Temporary birth control methods that Dr. Alshalabi prescribes include:
Oral contraceptives use hormones to stop ovulation, the part of your menstrual cycle that releases mature eggs from the ovaries that are ready for fertilization. Some contraceptives contain a combination of estrogen and progestin while others are progestin-only pills. Some forms of oral contraceptives cause you to have a monthly period while extended cycle pills decrease the frequency of your periods from monthly to every three months, six months, or fewer.
Diaphragms are specially fitted devices created to prevent sperm from reaching an egg by covering the cervix, the opening to the uterus. IUDs thicken the mucus in the cervix and prevent sperm from reaching the uterus. They also kill sperm and prevent the uterine lining from growing thick enough to sustain an embryo.
The NuvaRing releases a combination of estrogen and progestin to prevent ovulation. It’s inserted vaginally and remains in place for three weeks, when you remove it so you can have a normal period. The skin patch also uses combination hormones delivered via a patch that’s removed and replaced weekly.
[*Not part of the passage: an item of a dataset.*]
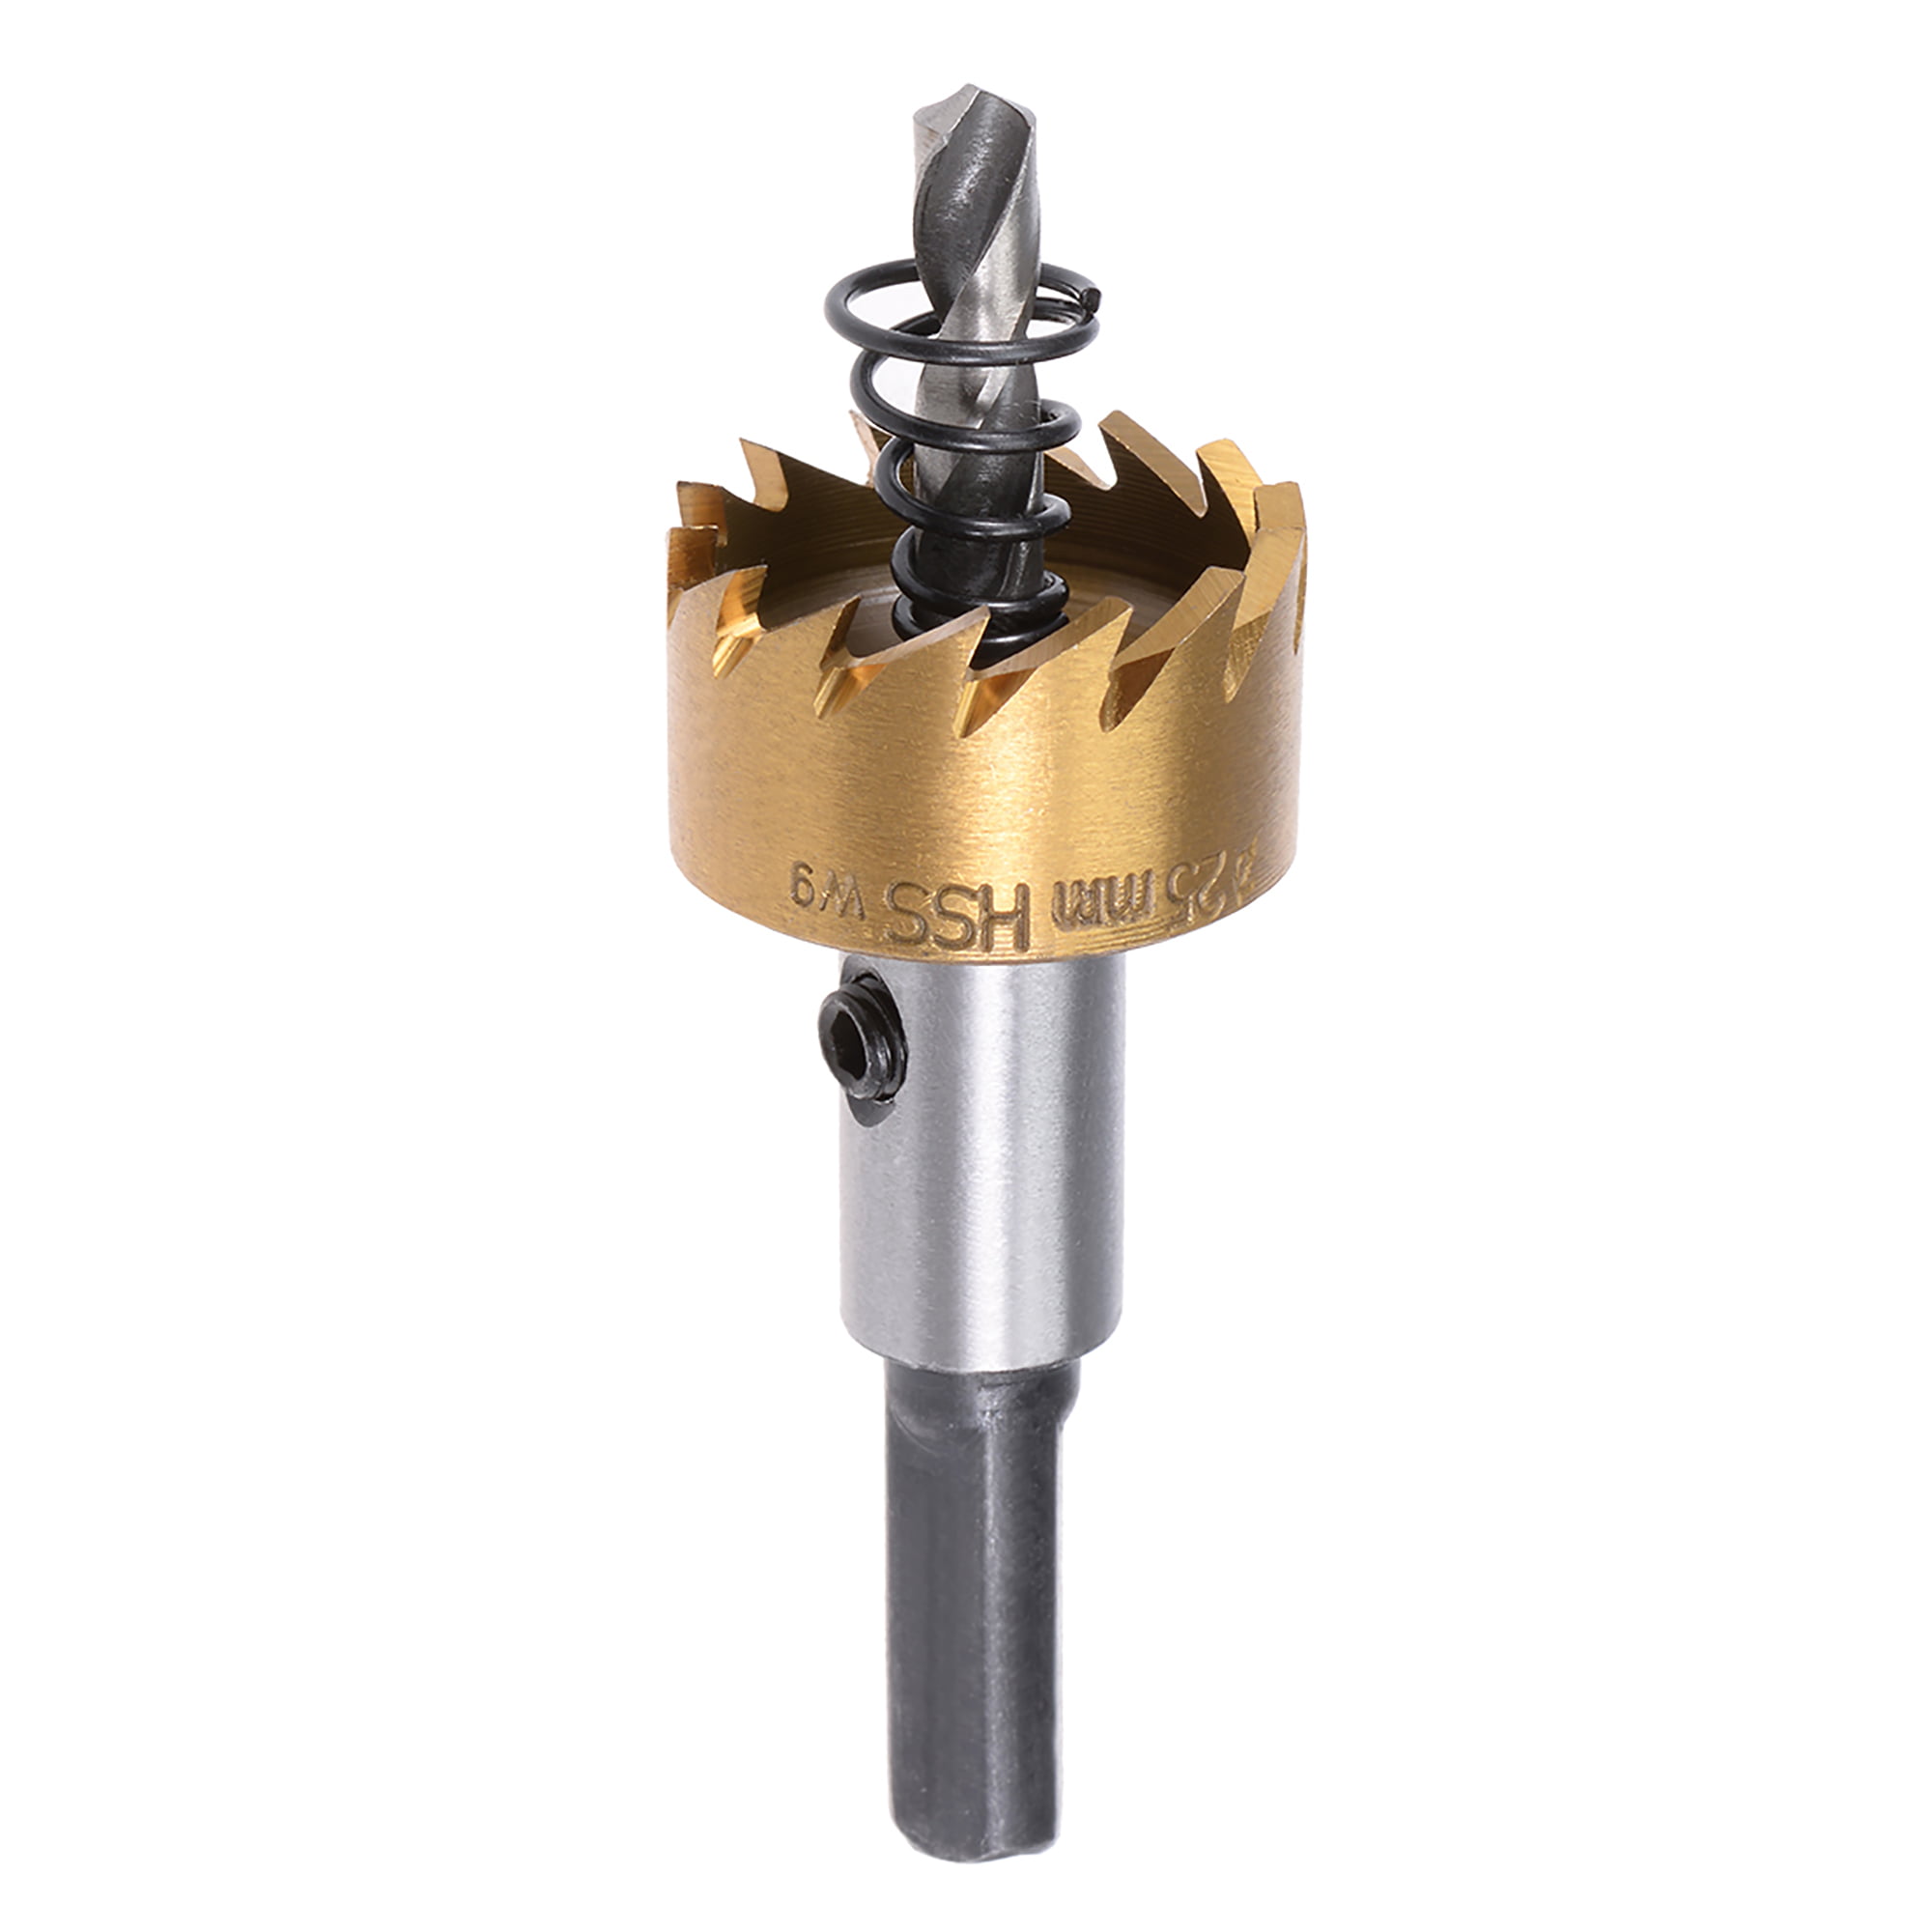 21mm HSS Drill Bit Hole Saw Tooth Stainless Steel Metal Alloy Cutter Tool

Permanent birth control measures take away the inconvenience of remembering a daily medication or other issues associated with temporary birth control, such as returning to the doctor every few months for an injection. However, it’s imperative that you’re sure about not having children because you will not be able to become pregnant afterward.
Permanent birth control methods include:
Tubal ligation: During a surgical tubal ligation, the fallopian tubes are cut or tied to prevent eggs from traveling into the uterus for fertilization. This procedure can be performed right after you’ve delivered your last child or at any time you decide you do not want any or more children.
Essure: This is a nonsurgical “tubal ligation” that blocks the fallopian tubes. During this procedure, soft, flexible inserts are placed in each fallopian tube via the vagina, through the uterus, and into the fallopian tubes, eliminating the need for surgery. The insert remains in place and causes your body to build a tissue barrier around this “foreign body.” The tissue barrier blocks your fallopian tubes within about three months and prevents mature eggs from being fertilized.